As satisfying as it would be to see Dany invade Westeros with an army of screaming horselords at her back, it would render the past four seasons of the show strangely moot. Seasons 2-5 would suddenly feel like little more than wheel-spinning if Dany were to suddenly do exactly what she set out to do in Season 1. Sure, her dragons have gotten bigger and she's learned some valuable lessons in ruling, but is that enough to justify four years of wandering aimlessly around Essos?

But, listen — when it comes right down to it, I'm all for whatever gets Dany to the Seven Kingdoms the fastest. If it's with her old Dothraki pals, then so be it. If it involves another plot twist entirely, then I'm all for it as long as Season 6 ends with Daenerys on Drogon's back, burning the cesspool of moral decrepitude that is King's Landing to the ground.

So, how else could Mhysa suddenly find herself in Westeros next season, other than at the head of a khalasar? The introduction of a new character might hold the answer to this riddle. Book readers assumed the entire subplot of the Greyjoys from A Feast For Crows had been cut when the Ironborn failed to appear in Season 5. But, now that we know the show is likely casting the dread pirate Euron "Crow's Eye" Greyjoy, we have another hint at Dany's future.

In the books, after Euron wins the kingsmoot to become the new King of the Iron Islands (following his brother Balon's death), Euron dispatches his brother Victarion to Meereen to woo Daenerys as his bride. Euron gives Victarion a powerful weapon for this purpose: a giant horn from an enormous dragon, engraved with Valyrian glyphs and called Dragonbinder. With a name like that, I bet you can guess what it does. Indeed, Dragonbinder supposedly has the power to tame any dragons that are within earshot when the horn is blown. (Of course, it also has the slightly awkward side effect of killing whoever blows it by completely incinerating their lungs.)
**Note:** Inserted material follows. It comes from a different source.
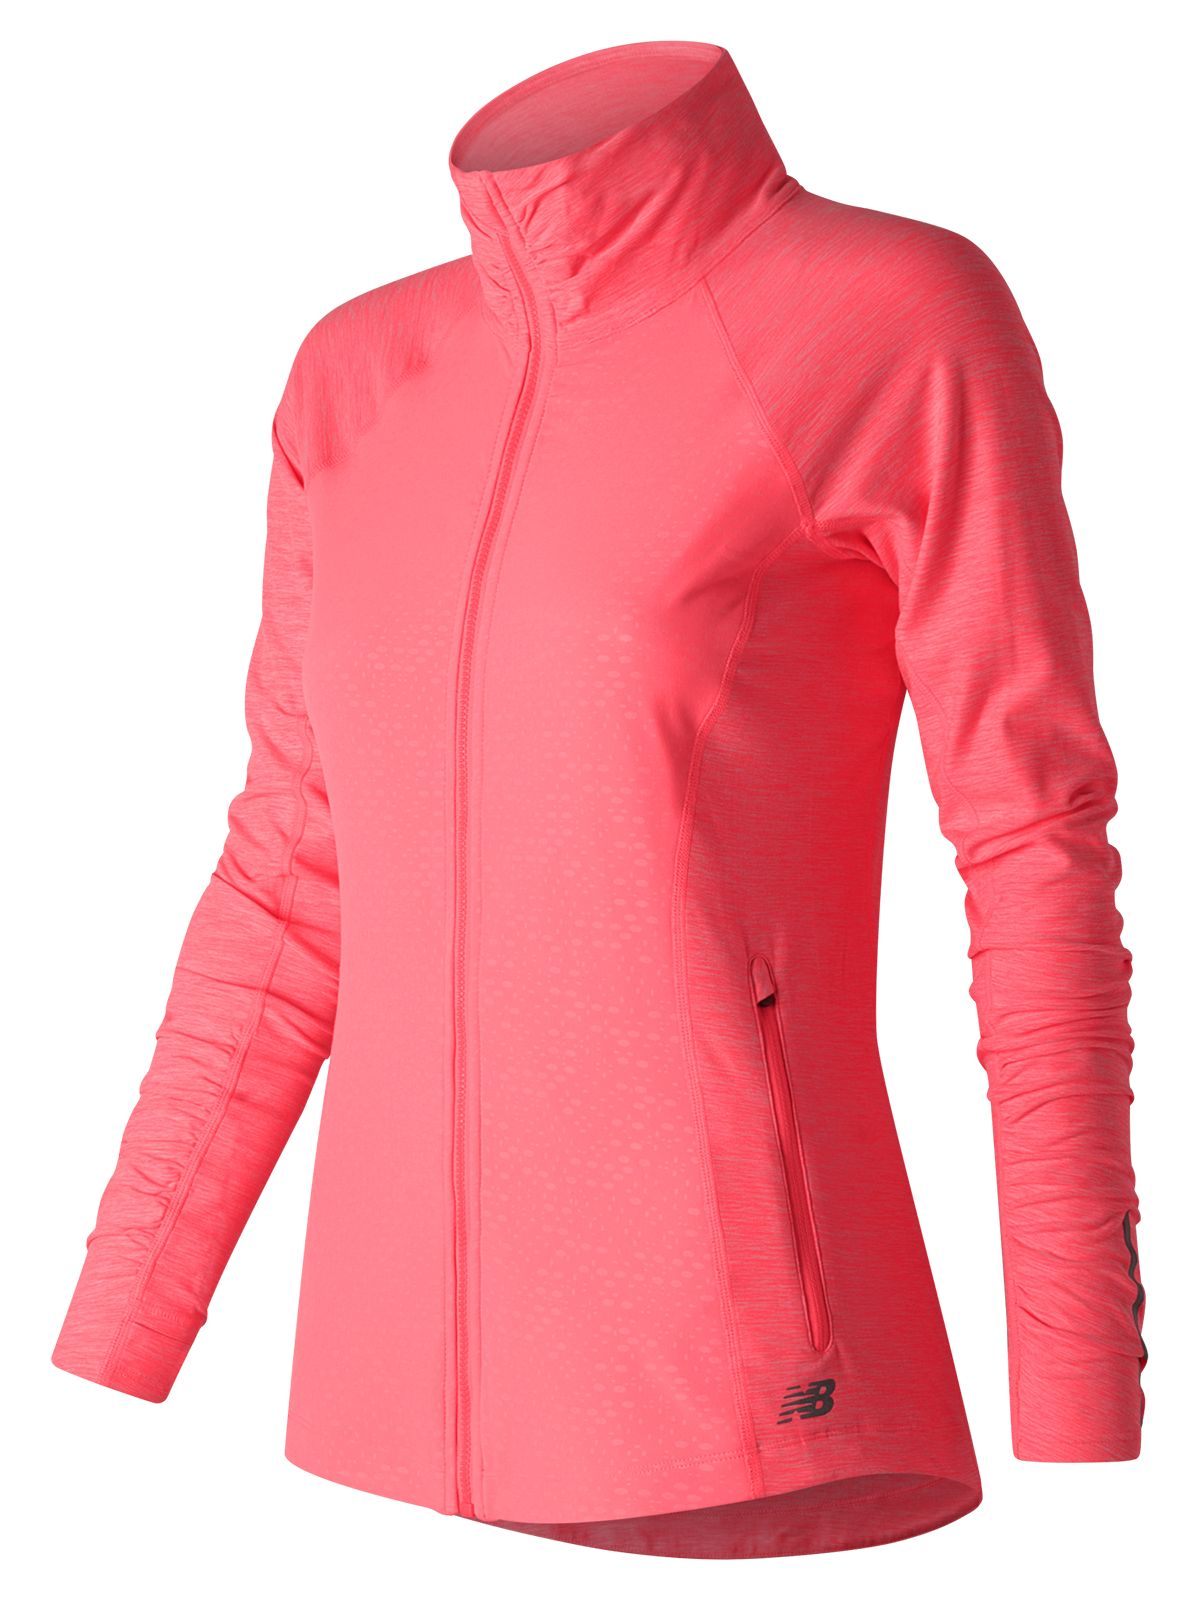 New Balance Women's Mixed Media En Route Jacket Pink
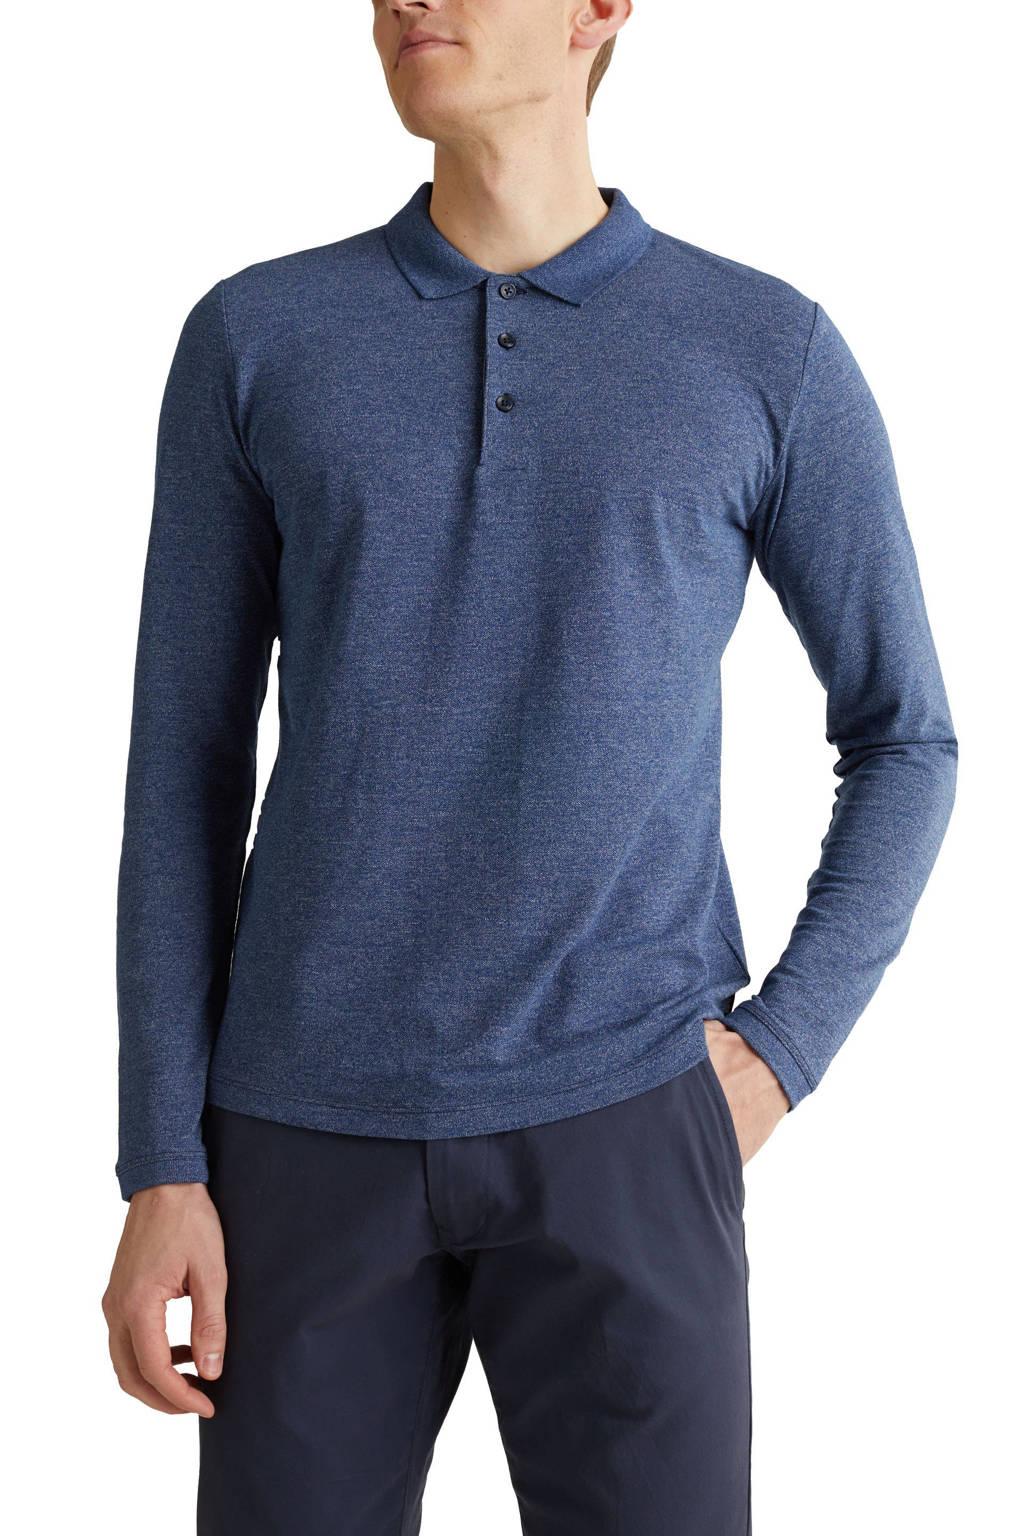 ESPRIT Men Casual gemêleerde regular fit polo blauw, Blauw

There's no word yet on whether Victarion is being cast for Season 6, but, if not, the show's version of Euron could easily head to Essos himself in pursuit of Dany and her dragons. With the young queen unable to control Drogon and her other two unruly children still locked in a dungeon, all three are prime targets for someone seeking to control them.

Perhaps Season 6 will set us up to expect a triumphant invasion by Dany and the Dothraki, only for Euron to arrive and wrest control of the dragons away from her. How ironic would it be if, when Daenerys Targaryen finally returned to Westeros, it was a captive rather than as a conquerer? I would hope that wouldn't be the case, but we'll have to wait until spring 2016 to find out.